1. **Music library enrichment** - Add metadata to existing track collections
2. **ISRC-based lookup** - Resolve ISRCs to full track metadata
3. **Batch processing** - Enrich large catalogs efficiently
4. **Self-hosted alternative** - Replace commercial APIs with local service

### Integration Scenarios

- **Metadata aggregator pipelines** - Complement MusicBrainz with Spotify-style data
- **Music streaming services** - Populate track/album/artist information
- **DJ software** - Enrich track libraries with popularity, genres, images
- **Music analytics** - Analyze trends across 256M tracks

## Limitations

### Technical Constraints

- **Database size** - Requires 216GB disk space
- **No write operations** - Read-only, no data updates
- **No authentication** - Public API, no access control
- **No CORS** - Browser-based clients blocked
- **Memory leak** - Rate limiter visitor map grows unbounded

### Data Constraints

- **Database provenance unclear** - "Not affiliated with Spotify"
- **No freshness mechanism** - Static snapshot, no updates
- **Search performance** - LIKE queries slow on large datasets (no FTS)

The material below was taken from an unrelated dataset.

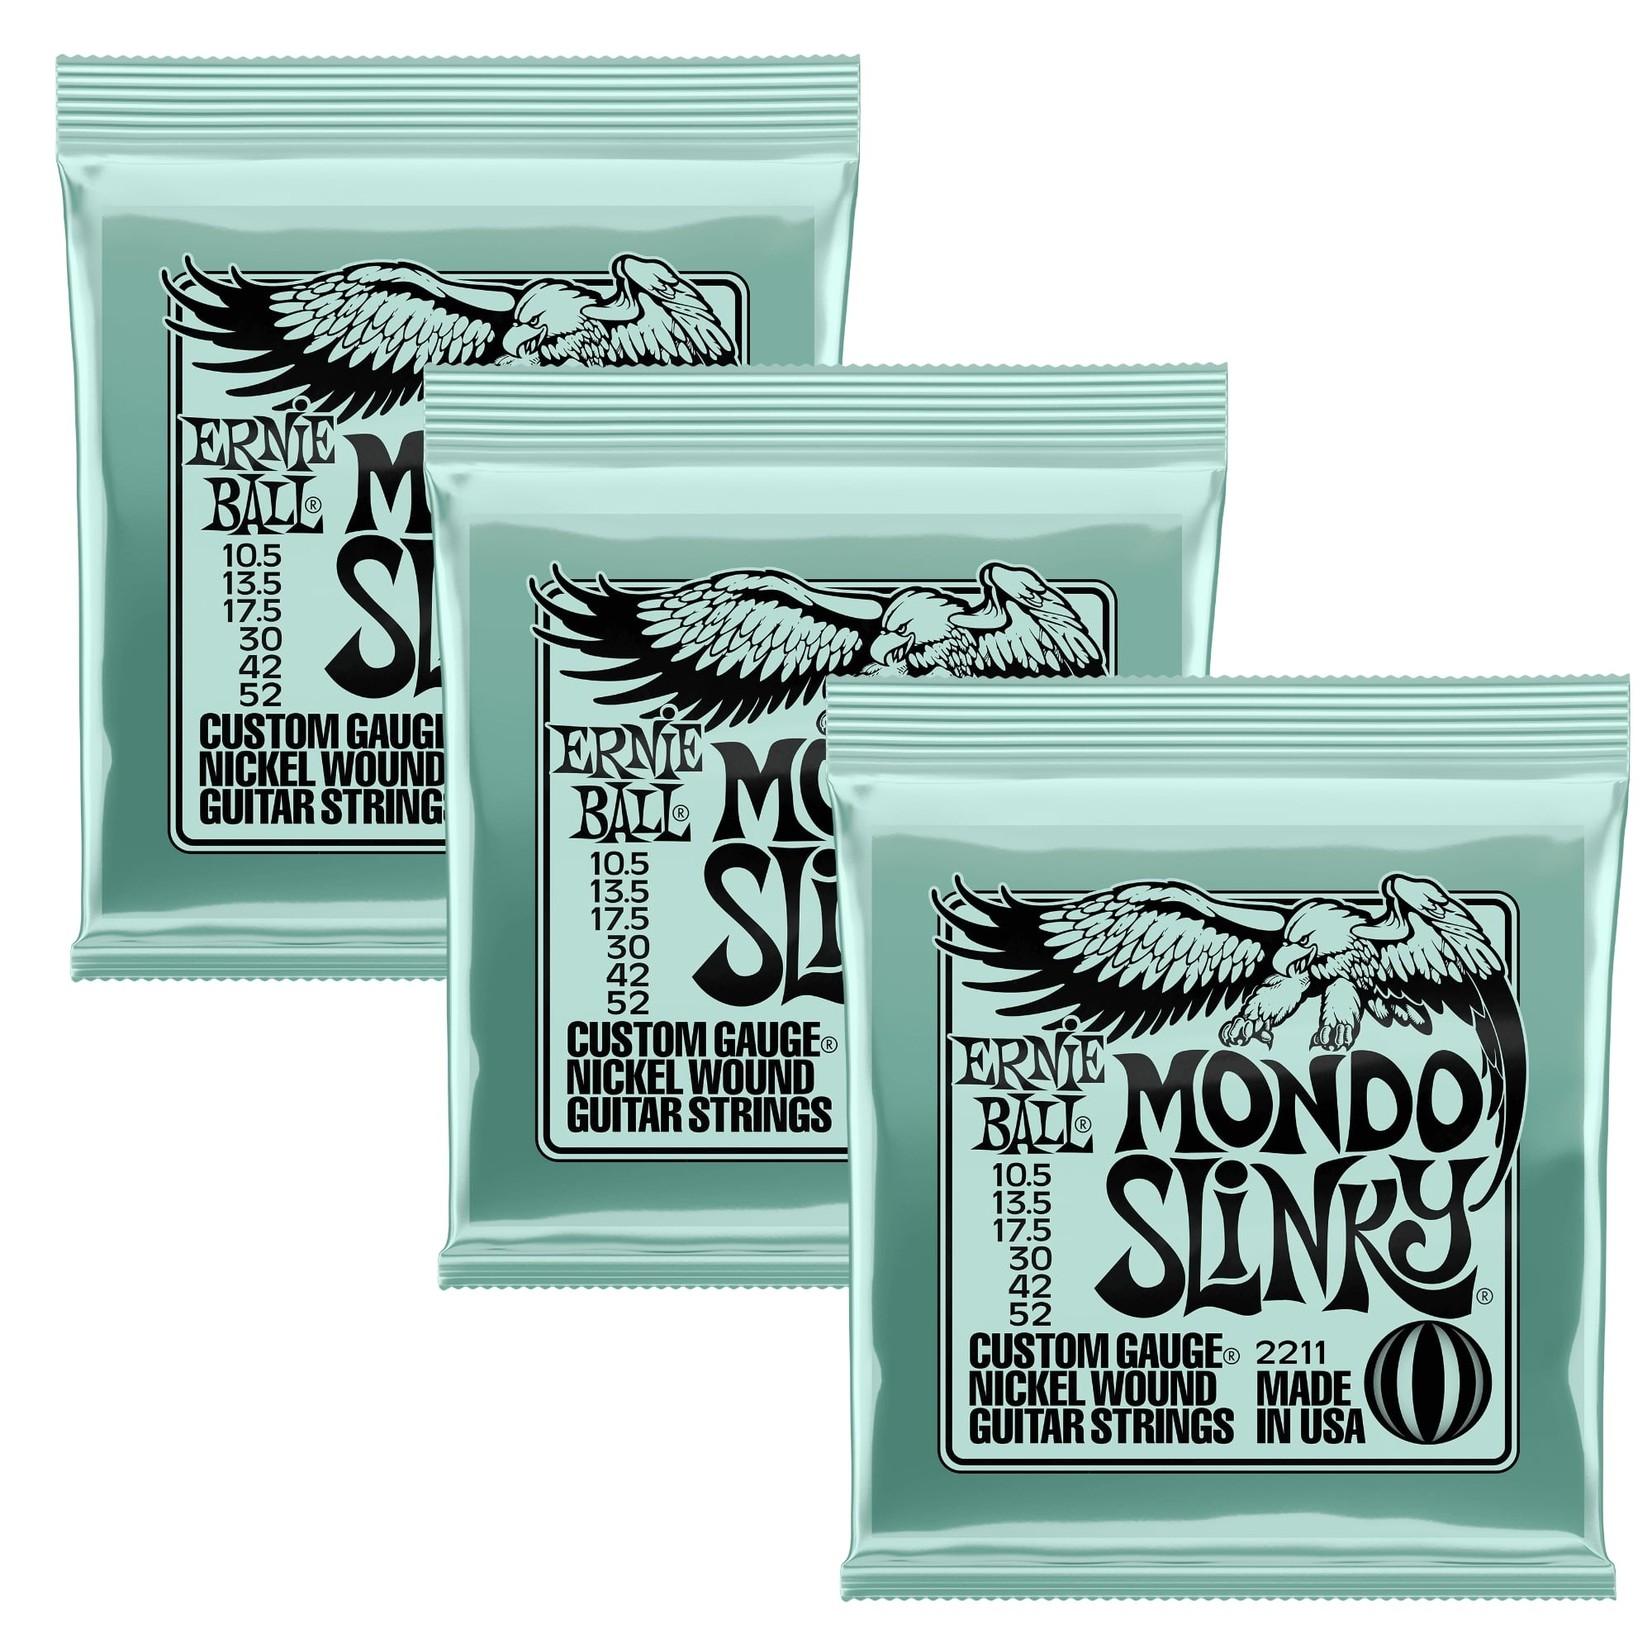 Ernie Ball 3x (3 sets) Ernie Ball Mondo Slinky Custom Gauge Nickel Wound Guitar Strings (10.5-52), 2211

### Operational Constraints

- **No metrics** - No Prometheus, no counters
- **Naive health check** - Doesn't verify database connectivity
- **Hardcoded config** - Timeouts, limits not configurable
- **No tests** - Zero test coverage

## Project Maturity

### Strengths

- Clean, simple codebase
- Production-ready Docker setup
- Comprehensive OpenAPI spec
- Massive dataset (256M tracks)
- Pure Go (no CGO complexity)

### Weaknesses

- Single maintainer
- No test suite
- No CI test step
- Unused config (LOG_LEVEL)
- Memory leak in rate limiter

## Comparison to Alternatives

| Feature | Music Metadata API | Spotify Web API | MusicBrainz API |
|---------|-------------------|-----------------|-----------------|
| Self-hosted | Yes | No | No |
| Authentication | None | OAuth required | Optional |
| Dataset size | 256M tracks | Full catalog | ~40M recordings |
| Rate limits | 100 req/s | Varies by tier | 1 req/s |
| Batch support | 400 items | 50 items | Limited |
| Cost | Free (MIT) | Free tier limited | Free |
| Data freshness | Static | Real-time | Community-updated |
| Identifier | ISRC, internal IDs | Spotify IDs | MBIDs |

## Getting Started

### Minimum Requirements

1. Go 1.24+ (for building from source)
2. 216GB disk space for databases
3. Database files (not included in repository)
4. 2GB+ RAM recommended

### Quick Start

```bash
# Clone repository
git clone https://github.com/Aunali321/music-metadata-api.git
cd music-metadata-api

# Build binary
CGO_ENABLED=0 go build -ldflags="-s -w" -o metadata-api ./cmd/server

# Run server (assumes databases in /data)
./metadata-api -db /data/main_database.sqlite3 -addr :8080

# Test health endpoint
curl http://localhost:8080/health

# View API documentation
open http://localhost:8080/docs
```

### Docker Quick Start

```bash
# Pull image
docker pull ghcr.io/aunali321/music-metadata-api:latest

# Run container
docker run -d \
  -p 8080:8080 \
  -v /path/to/databases:/data:ro \
  ghcr.io/aunali321/music-metadata-api:latest \
  -db /data/main_database.sqlite3

# Check health
curl http://localhost:8080/health
```

## Documentation Resources

- **OpenAPI Spec:** http://localhost:8080/openapi.yaml
- **Interactive Docs:** http://localhost:8080/docs
- **GitHub Repository:** https://github.com/Aunali321/music-metadata-api
- **Docker Image:** ghcr.io/aunali321/music-metadata-api

## License

MIT License - Free for commercial and personal use with attribution.